■ **TASK DESCRIPTION**
Starting from the line in which "Image 2 of 6" appears, set down each line exactly through the end of the listing, and nothing else. Leave out pictures.

■ **COLLECTED MATERIAL**
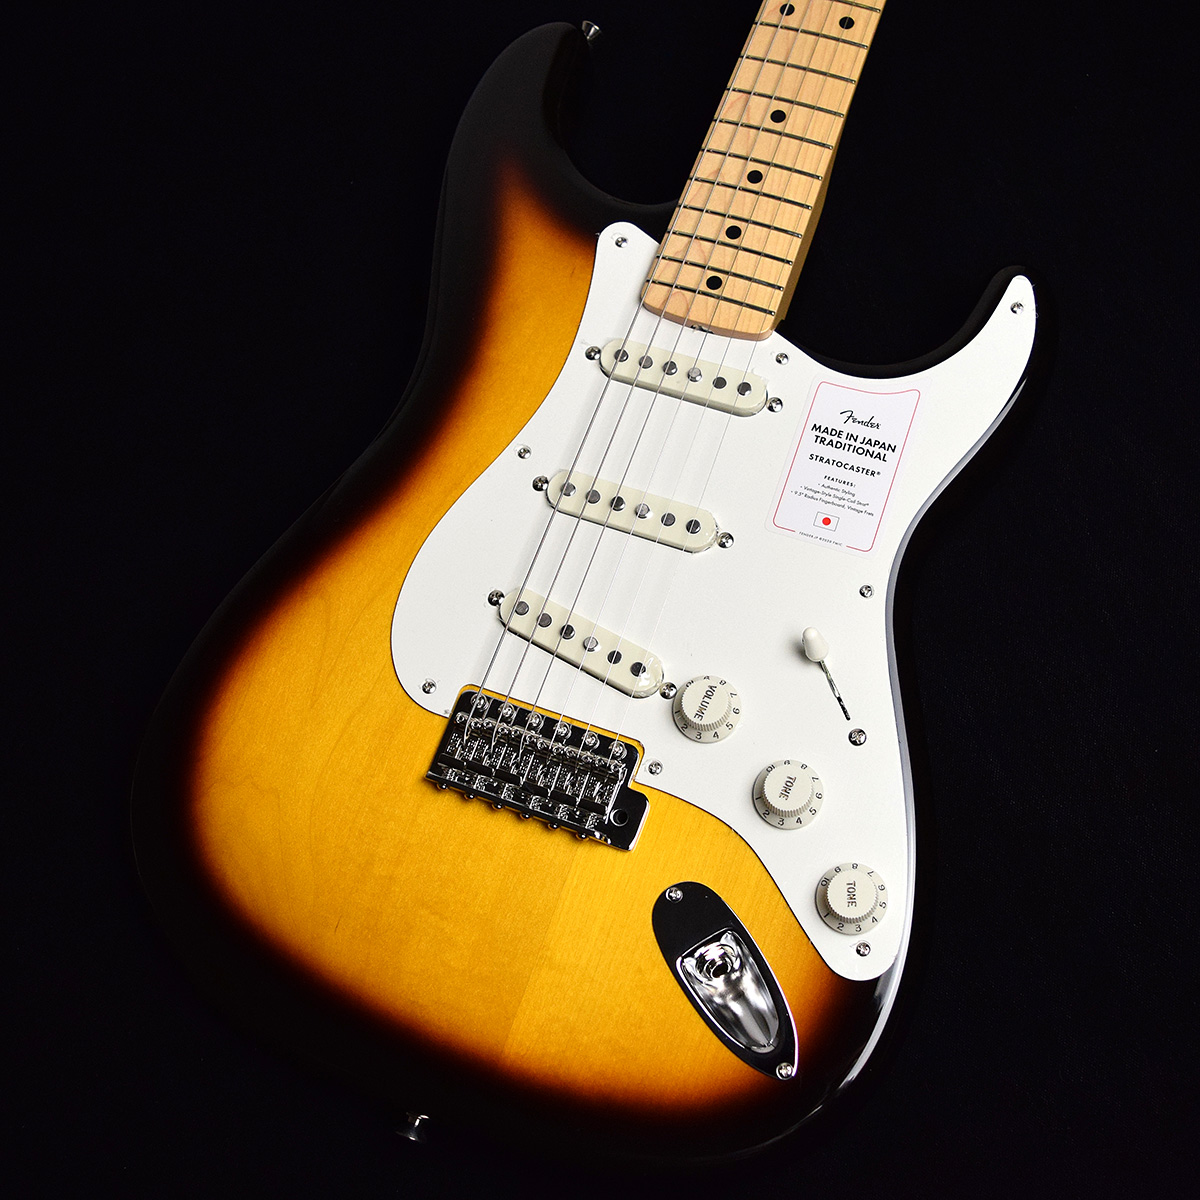 Fender Made in Japan Traditional 50s Stratocaster Maple ...
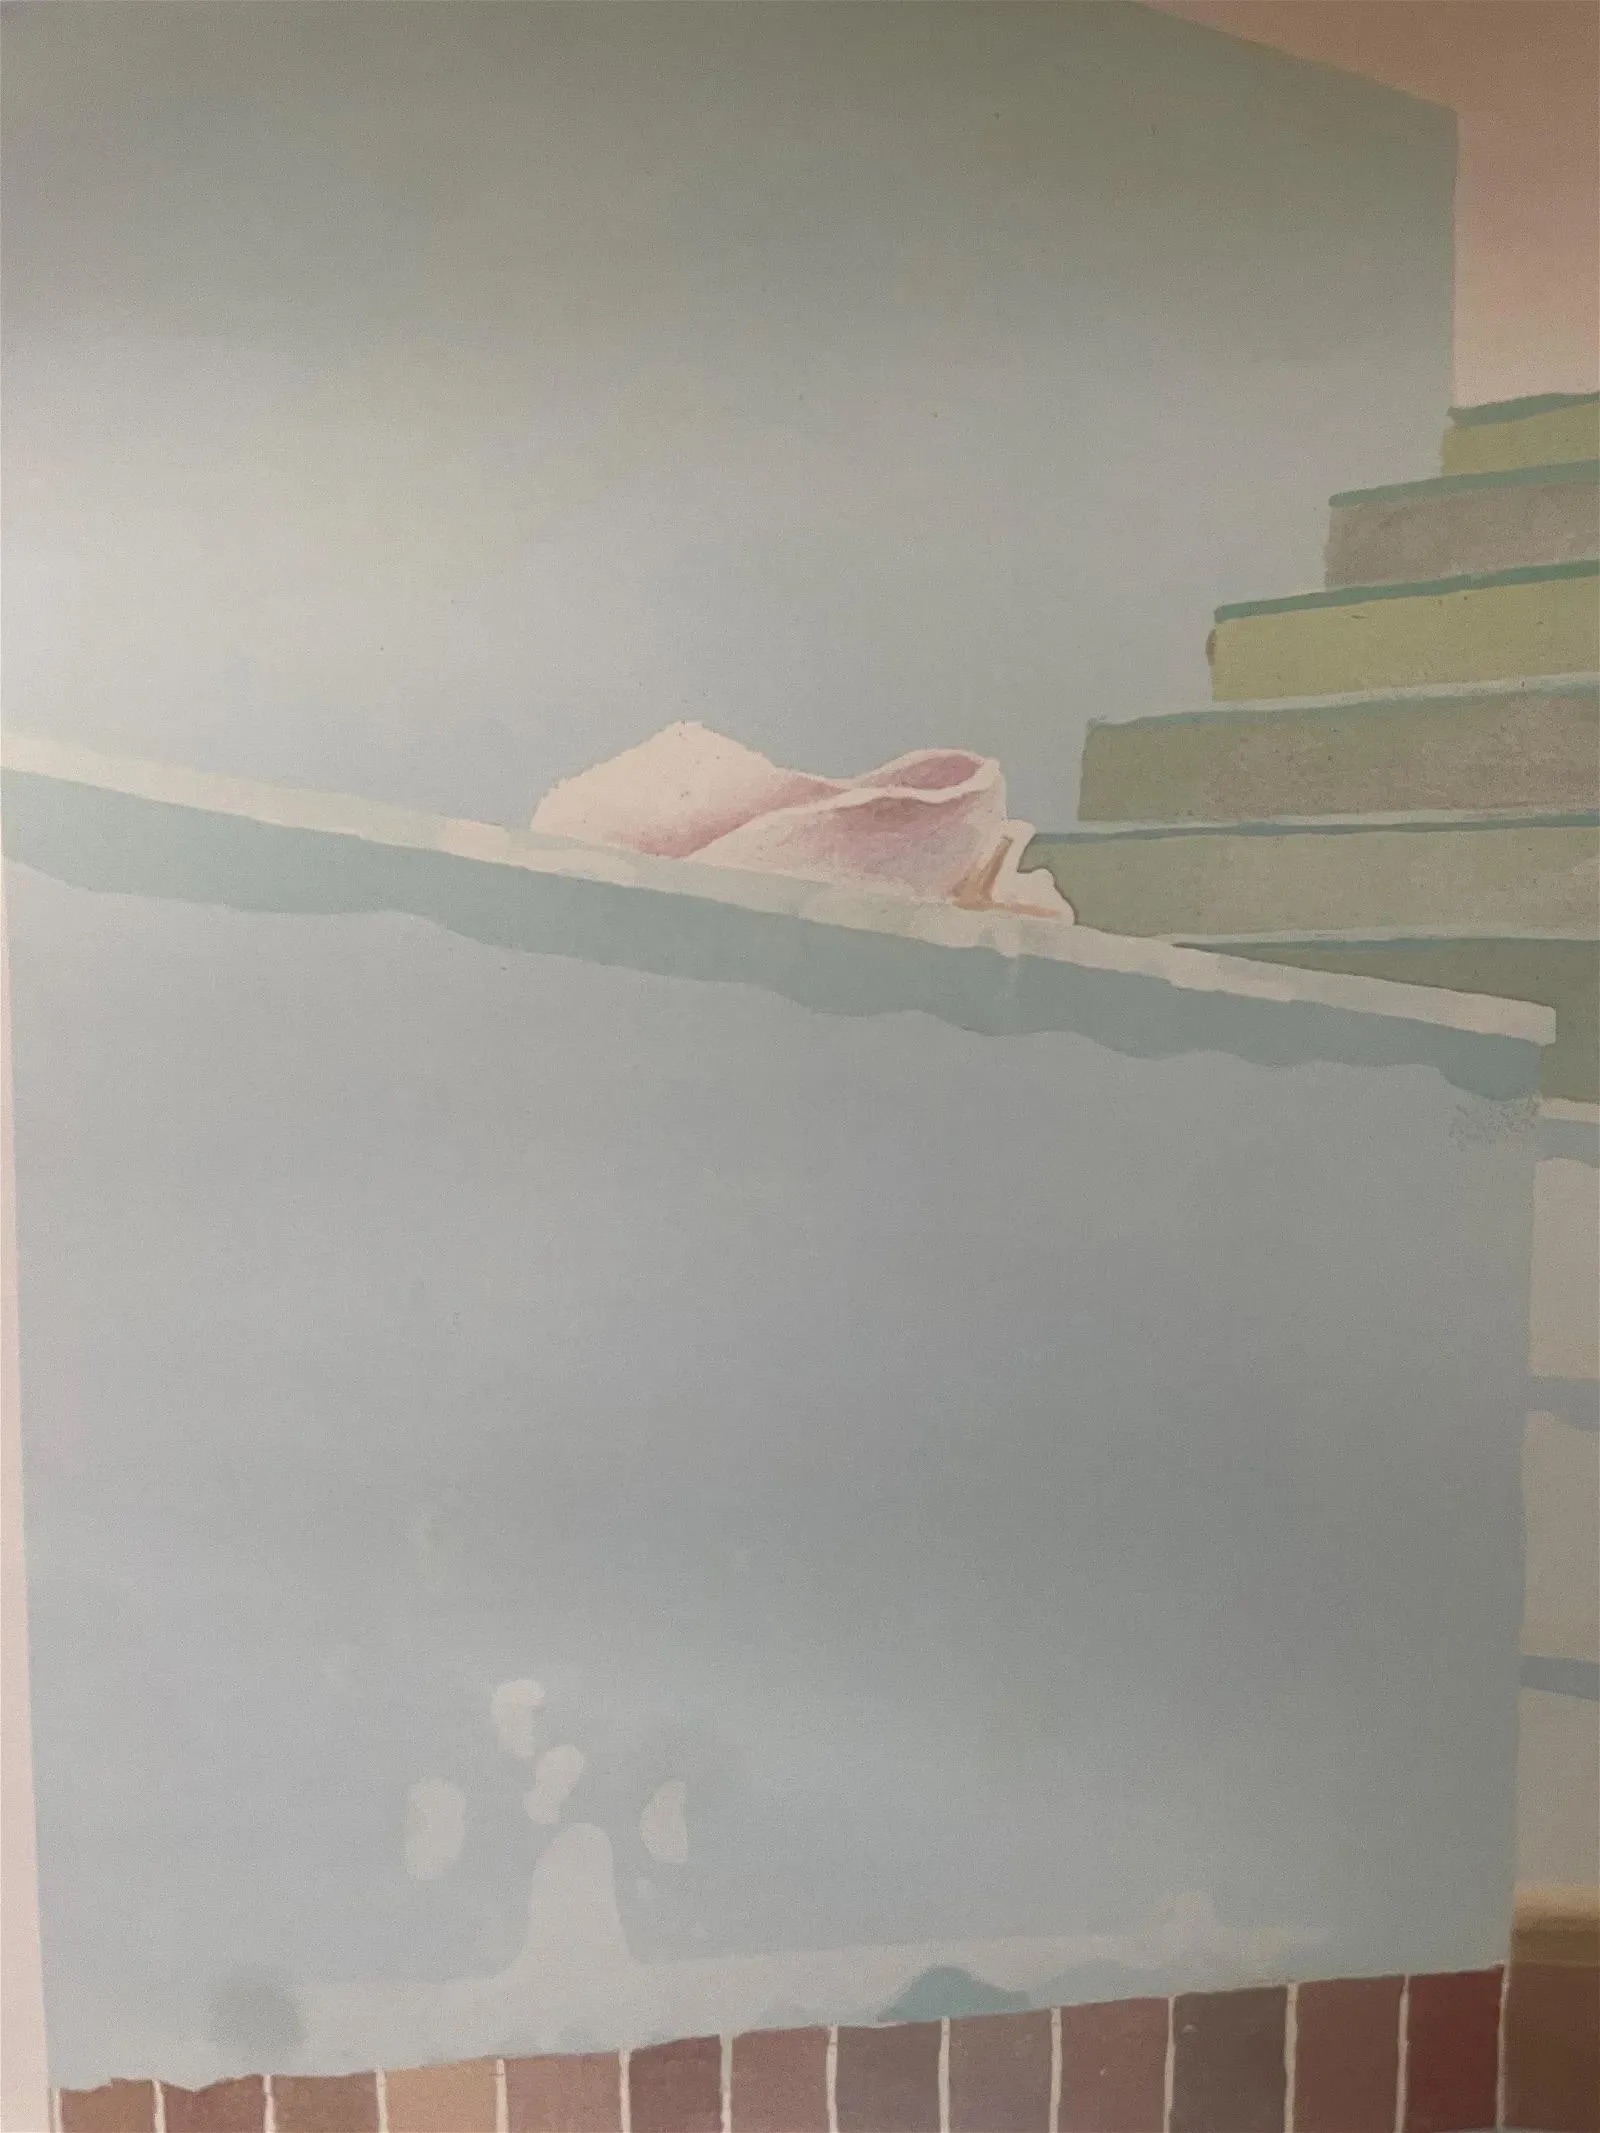 David Hockney "Pool and Steps, 1971" Offset Lithograph - Image 2 of 6
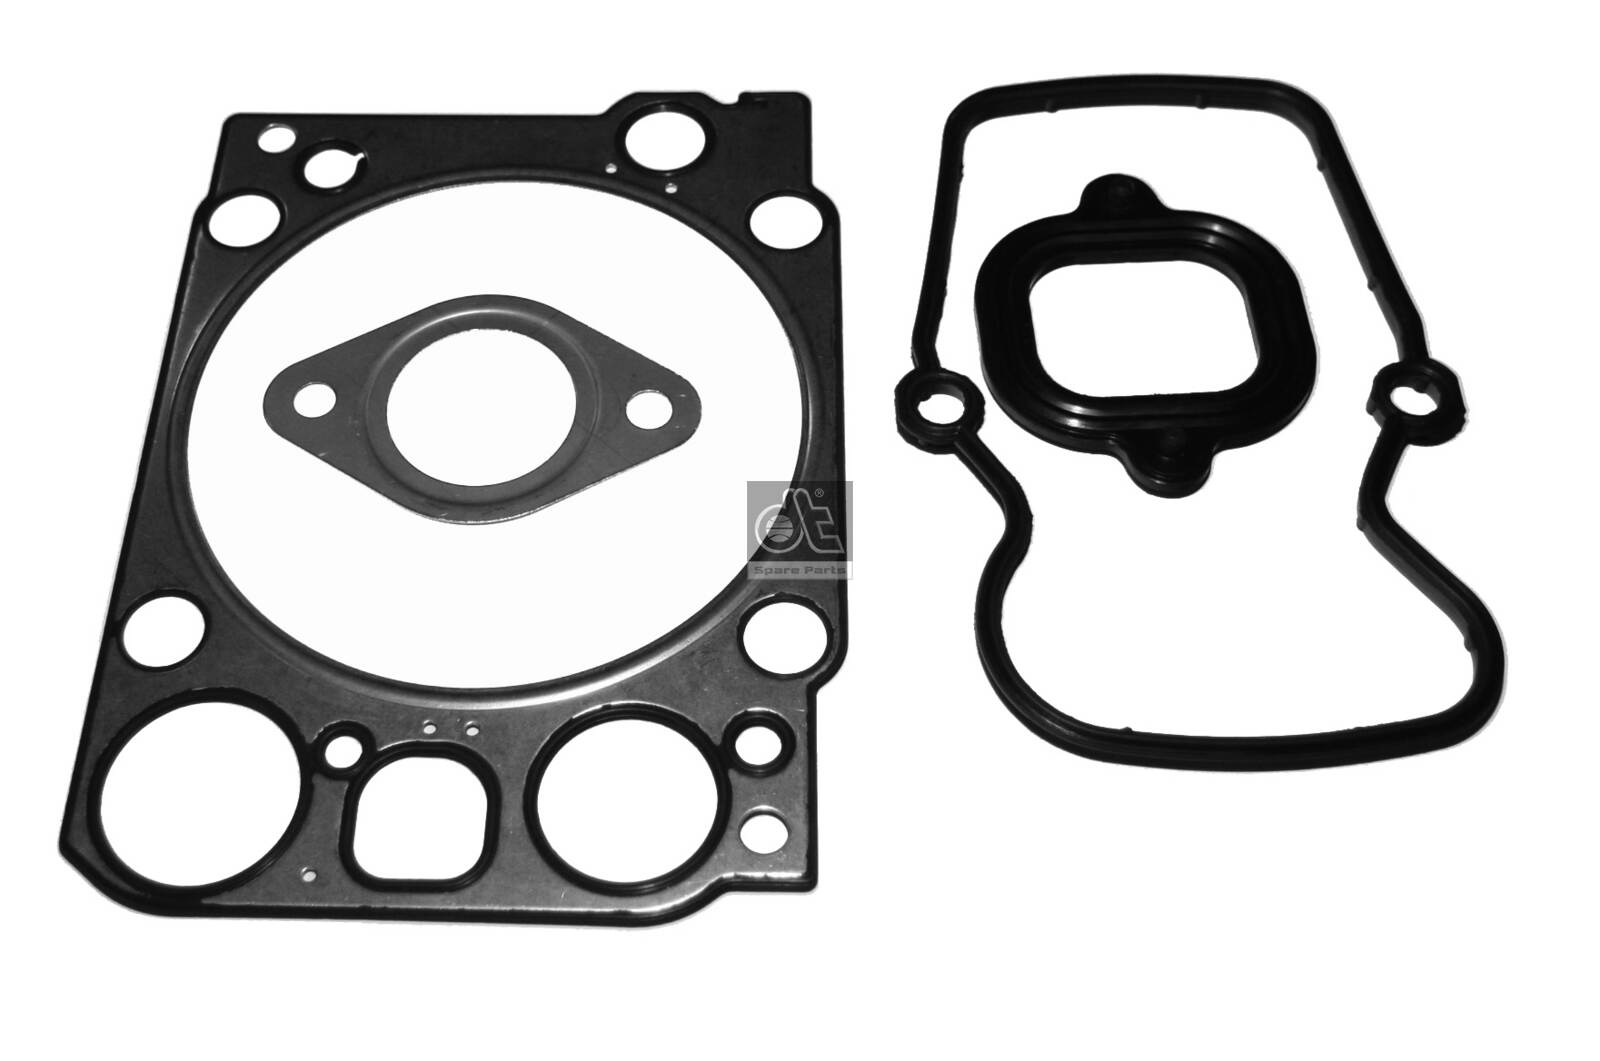 4.90853, Gasket Kit, cylinder head, DT Spare Parts, A4570104220, A4570106220, 4570104220, 4570106220, 001.830, 011.504, 0143545, 033419003, 0340010008, 4057795567580, 8606507, 91261, T8000591, 001.832, 011504, 01.43.545, 1251407, 4057795593213, 8606506, 001830, 4047755748173, 86065.07, 001832, 03-34190-03, 86065.06, 0001832, 86065, 122.800, 122800

■ **RESPONSE TO THE TASK**
 David Hockney "Pool and Steps, 1971" Offset Lithograph - Image 2 of 6
 4.90853, Gasket Kit, cylinder head, DT Spare Parts, A4570104220, A4570106220, 4570104220, 4570106220, 001.830, 011.504, 0143545, 033419003, 0340010008, 4057795567580, 8606507, 91261, T8000591, 001.832, 011504, 01.43.545, 1251407, 4057795593213, 8606506, 001830, 4047755748173, 86065.07, 001832, 03-34190-03, 86065.06, 0001832, 86065, 122.800, 122800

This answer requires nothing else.